La utopía es entonces casi palpable. Ganan batallas, someten a los ejércitos de pueblos vecinos, se reconocen en el signo sagrado del Gran Maestre francmasón. Y Dravot es proclamado rey. Al final, persuadido de ser hijo del mismísimo Alejandro Magno y de la reina Semíramis, cada vez más extraviado en los pasillos de su desvarío, anuncia su boda con una joven nativa. El día de la ceremonia, sin embargo, la aterrorizada muchacha muerde al Dios-rey, al Dios-diablo: y la sangre en el cuello acaba con la alucinación. «¡Ni dios ni diablo, sino hombre!», aúllan los sacerdotes: el desengaño anunciaba así la persecución, el eventual sacrificio de un rey-dios que era, en realidad, puro cuerpo físico.
(Sí, hay hombres ansiosos de ser adorados; y sociedades prestas a adorarlos primero y despellejarlos después, cuando descubren la falaz agencia de su mesianismo.)
La historia de marras evoca episodios familiares, pasajes en los que políticos encumbrados por las circunstancias, espoleados por sus ficciones y la complacencia vanidosa en el poder, terminaron engullidos por los que antes los honraron. “¡Liderofagia!”, denuncian los más escandalizados. Lo cual, de buenas a primeras, endosaría toda obligación a una estirpe de Pantagrueles inclementes, que piden y trasiegan héroes como si del refresco de moda se tratara; eso para luego arrojar sus restos en rincones que no merecen siquiera ser memorizados. El descarte compulsivo de líderes por parte de pueblos “ingratos”, dirían algunos, es hábito de la manada espasmódicamente descabezada.
Pero, ¿qué pasa si aquellos totémicos paladines naufragan en eso de estar a la altura de las expectativas que vendieron; si olvidan auscultar con oído fino la jaculatoria de sus devotos, si usan el poder como mortero para devastar templos? ¿Qué pasa con el sobrevenido liderazgo cuyo desempeño revive el parto de los montes: fragoso y alborotador al principio, menguado como el ratón que resume el alumbramiento, al final? ¿No es al menos comprensible cierta exasperación, el aullido, los temblores de la desilusión; el hastío de ciudadanos que, a diferencia de los que optan por sepultar toda duda, reclaman su trozo de cielo, el que no hubiese ningún milagro?
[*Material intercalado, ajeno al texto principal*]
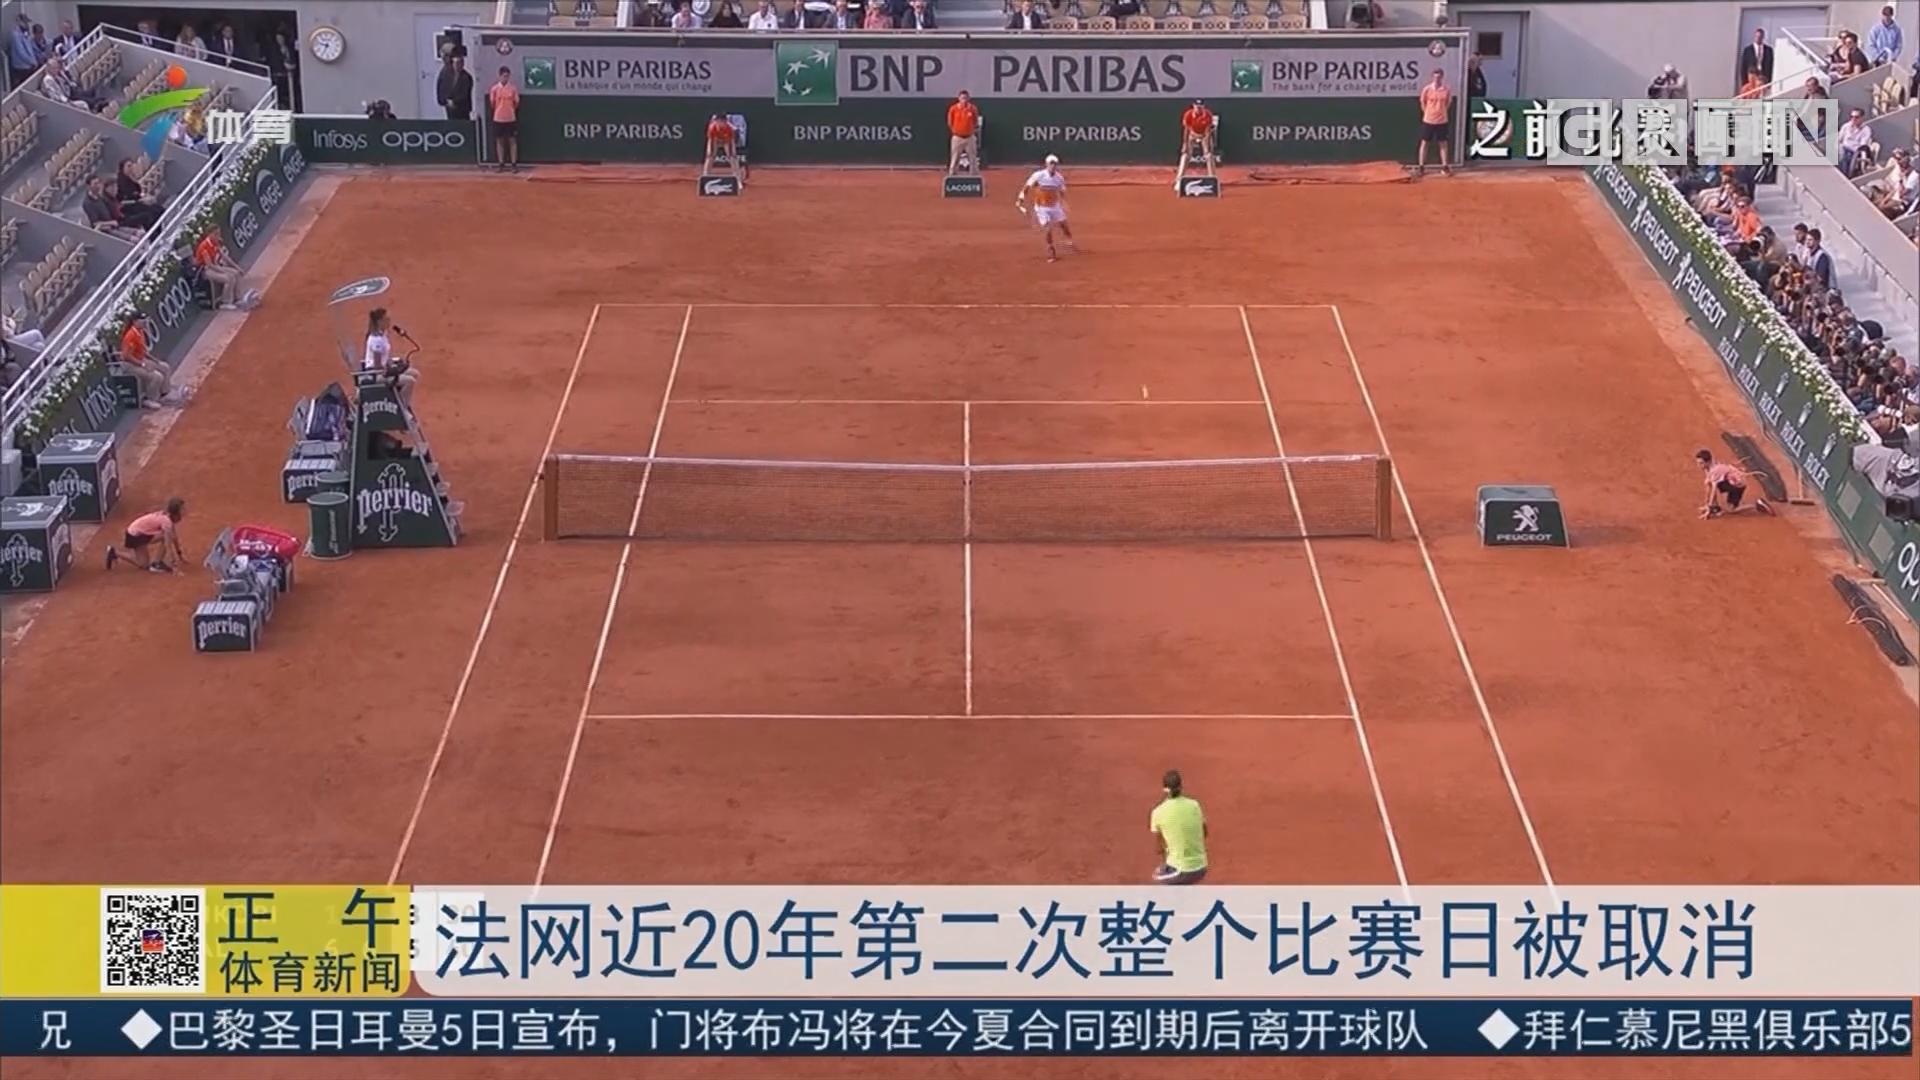 法网近20年第二次整个比赛日被取消

La vieja tragedia cobra nueva vida. Se ha hecho sangre, sudor y lágrimas en Kafiristán, en los Urales; y en Cuba, Nicaragua, Brasil, Venezuela, incluso EEUU. La molienda de quienes se han visto a sí mismos como reyes-dioses, de quienes al chocar con sus debilidades de pronto se vuelven seres mínimos, seres trágicos, deviene en forzoso déjà vu. Todo mal. Es la liga estirada hasta el desgarro. La puja entre lo que se percibe como predestinación, como autoridad cuasi-numinosa, y la realidad. Una hybris que antes de consumirse se esmera en hacer el mayor daño posible.
Frente a estos monarcas a deshora, individuos cegados por la creencia de que las instituciones deben amoldarse a la majestad de sus dos cuerpos (E. H. Kantorowicz) y no al revés, la democracia eventualmente tirita. Hace falta la mordida, la evidencia que los delata, el aplomo ante sus bufidos, la brega sostenida para ponerlos en su sitio. Con suerte, con razones, la democracia ganará y la consigna será otra: el falso rey ha caído. Qué viva la constitucionalidad, los contrapesos, la alternancia.